I don’t mean to pick on Adobe, I really don’t. I admit, I have a fundamental disagreement with the insurrectionist strategy they’ve been pursuing with their Creative Suite applications; the company has essentially spent the decade so far leveraging those programs to carve out more than its fair share of space on my hard drive, and using the appropriated gigabytes to not so subtly transform the software into an unwanted back-door operating system of its very own. It’s immoderate behavior and frankly a pain in my butt.
Exceeds Expectations
On the other hand, I do have to hand it to Adobe when it comes to Creative Suite 3, which, after much delay, I finally purchased and installed on my Mac last month. It’s still bloated and excessive, but for the sort of suite that it is, this is the most cogent execution I’ve seen so far. These applications haven’t felt stable on the Mac platform for a long, long time, but now they do. And with Photoshop, Illustrator and InDesign, anyway, there’s a newfound coherence to the user interfaces that, while still imperfect, feels like a major accomplishment (at least in the context of Adobe’s traditional inability to normalize similar interactions across these applications).

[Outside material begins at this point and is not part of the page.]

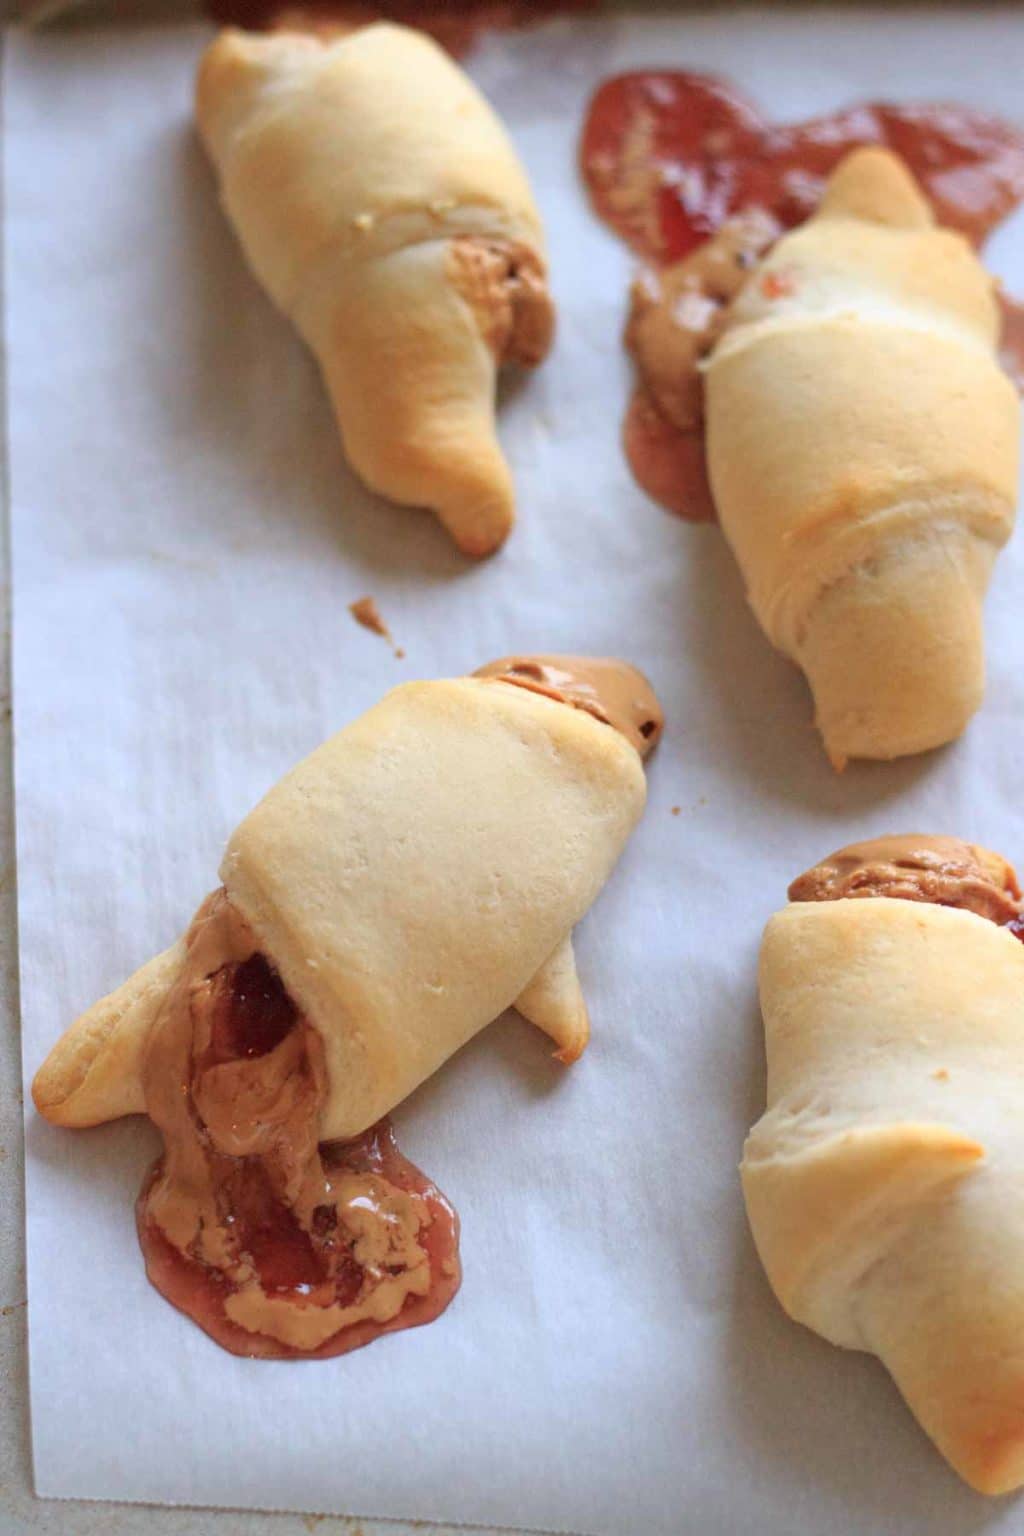 Peanut butter and jelly wraps with filling oozing out on parchment paper

I even have to admit that my initial dismissal of Creative Suite 3’s new icon strategy, which discarded each applications’ abstract imagery in favor of two-letter abbreviations, works. I didn’t think that it could, and it’s still not perfect. But as it turns out, it’s much more intuitive to recognize an icon displaying “Id” as a pointer to InDesign than it is to make that same association with an impressionistic butterfly.
Pardon Their Dust
This newly acquired slickness aside, Creative Suite 3 is still very much a work in progress. There are parts of all of these applications that still feel like holdovers from legacy versions of the software, especially in Adobe Illustrator, where much of the typography still sports that hard-edged, bitmapped, Mac OS 9 look to it. The print dialogues, too, are disasters of preemption, substituting the native print and page setup interfaces with — you wouldn’t think it was possible — an even more inscrutable palette of counter-inuitive options. There’s just more than there needs to be throughout the suite, and not all of that excess is executed particularly well.
Okay, so Adobe will never embrace the smaller, lighter, faster approach to their software that I would like to see them adopt. Fine. But even the idea of Creative Suite 3 as a large-scale platform for many different kinds of creative functionality seems unfinished. It feels like something of a warm-up, to me.
There may be a new level of consistency between these applications, but it’s still stretching things a bit to say that the suite is consistent. They’re sold as a package and even engineered to work together, but they still act very much like independent products, with their own vaguely similar but idiosyncratic ways of tackling similar problems. This sometimes dramatic disparity strongly suggests a logical but unlikely conclusion: coalescing into a single, flexible application that eschews the arbitrary distinctions between pixels, vectors and pages and just allows users to focus on designing. It’ll never happen. Still, between here and there, it feels as if there remains some evolution to go, yet.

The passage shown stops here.